The old man said: It is not the weakness of humans that created God, but their strength, and He does not live outside us but inside us.... In my conversation with Michaela, my question was: Who am I and why do I exist, and is it permissible to search for God?... Michaela replied: The slaves did not have a God in the past, but they deified the human law that they received from an external force.
In his travels from one monastery to another and from one place to another, he encounters different people. On one of his trips, he goes carrying a letter of recommendation for Father Iona, saying: I was received by a young man.
A young man with protruding bones met me... Then old man said to me, remember that a small thing is part of a big thing and a big thing is a collection of small parts... When I told him that I doubted the power of God, his dull face dried up and became long, then his eyes darkened.

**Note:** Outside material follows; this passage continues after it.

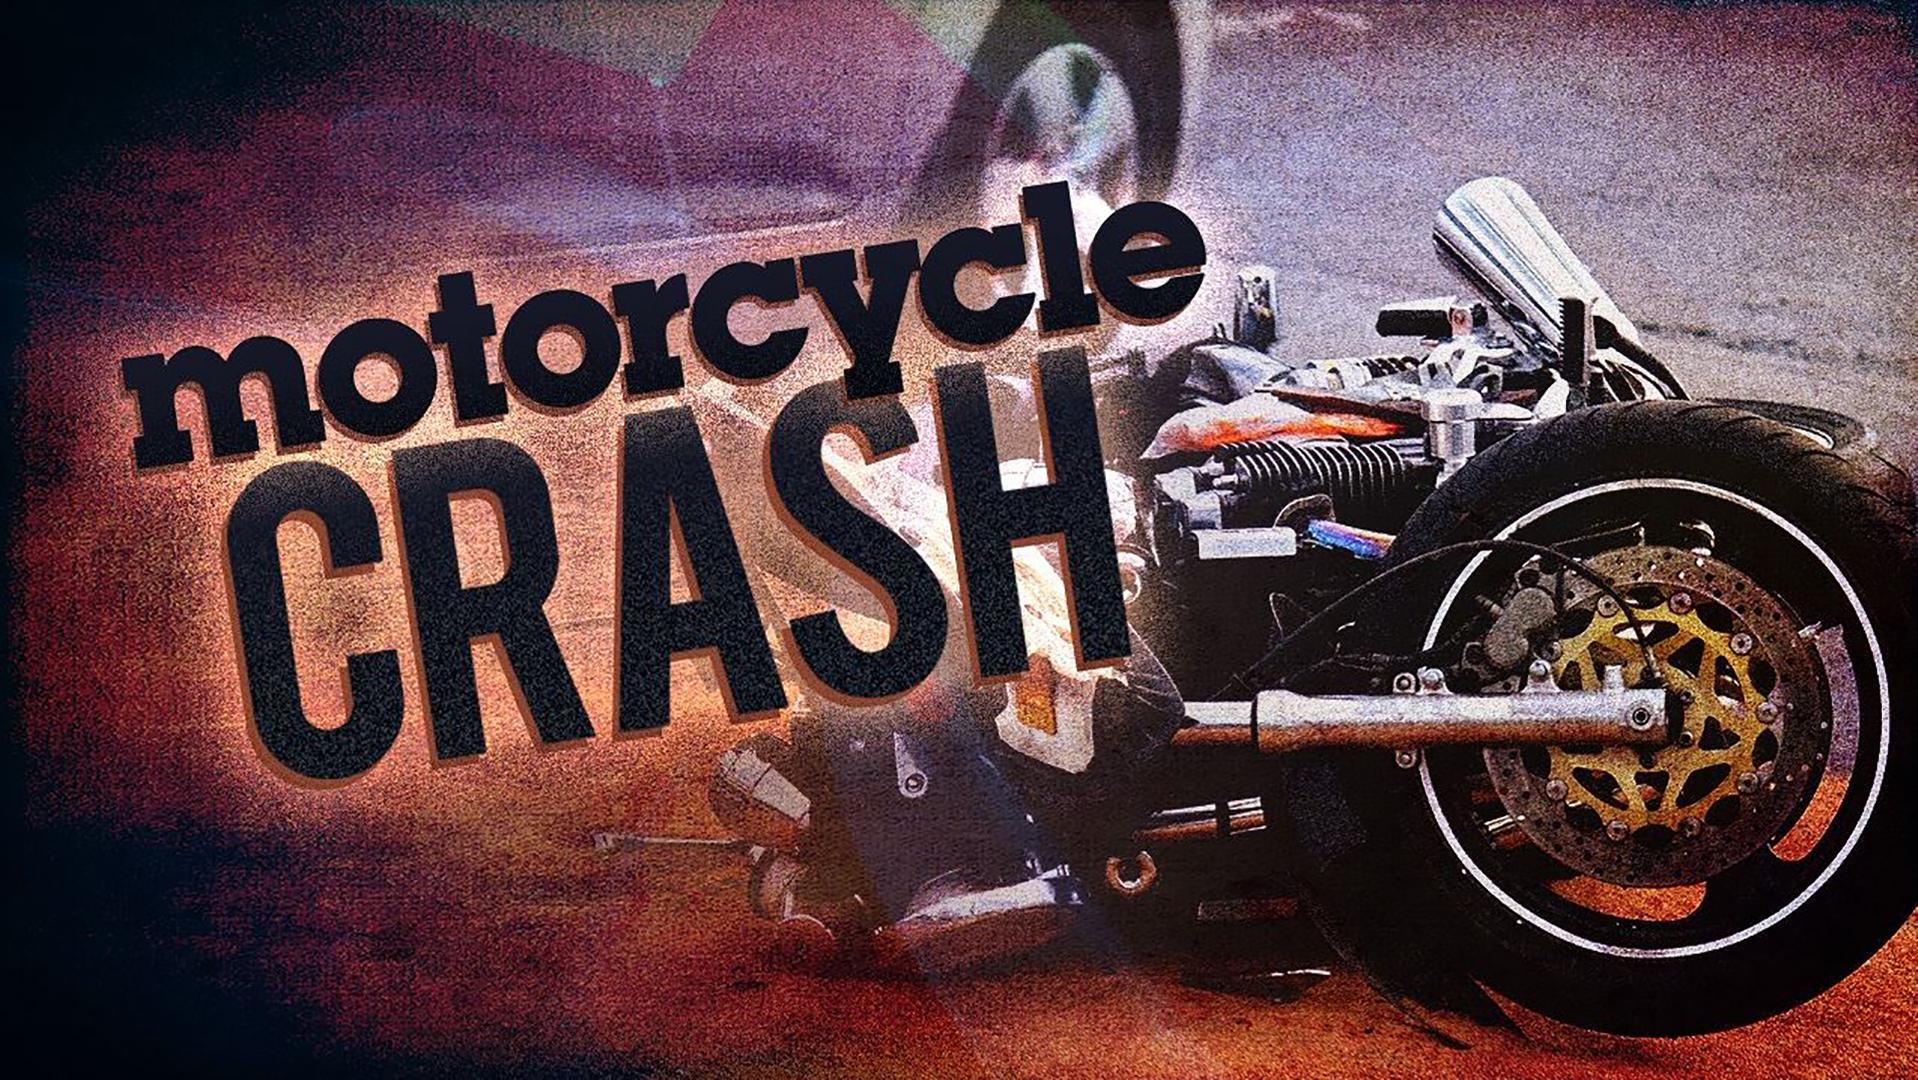 Motorcycle_Crash_Generic_1526836908742.jpg

The novel contains beautiful phrases describing things, nature and people-;- I will mention some of them:
- I remember how the sun began to rise from behind the mountain, while the night hid in the forests... Night began to descend, taking off its thin veil, and the forest sighed and the squirrels meowed above me and the birds chirped around me... Night fell upon us and the forest surrounded us and a damp darkness thickened between the trees, so I could no longer distinguish between the trees and the night.
- Many days passed by me like a sick person filled with heavy boredom... A quiet fire was kindled in my soul and a vast meadow was burning inside me... My thoughts were like a murky swamp in which my memories were swimming...
Finally, this novel, as I said, is a de-script-ion of the Russian reality before the revolution to demonstrate the exploitation of the Christian clergy of the people and the help of the Tsar to control them by selling them illusions. And Matvey the bastard sees all these abnormal situations and expresses them through a beautiful narrative.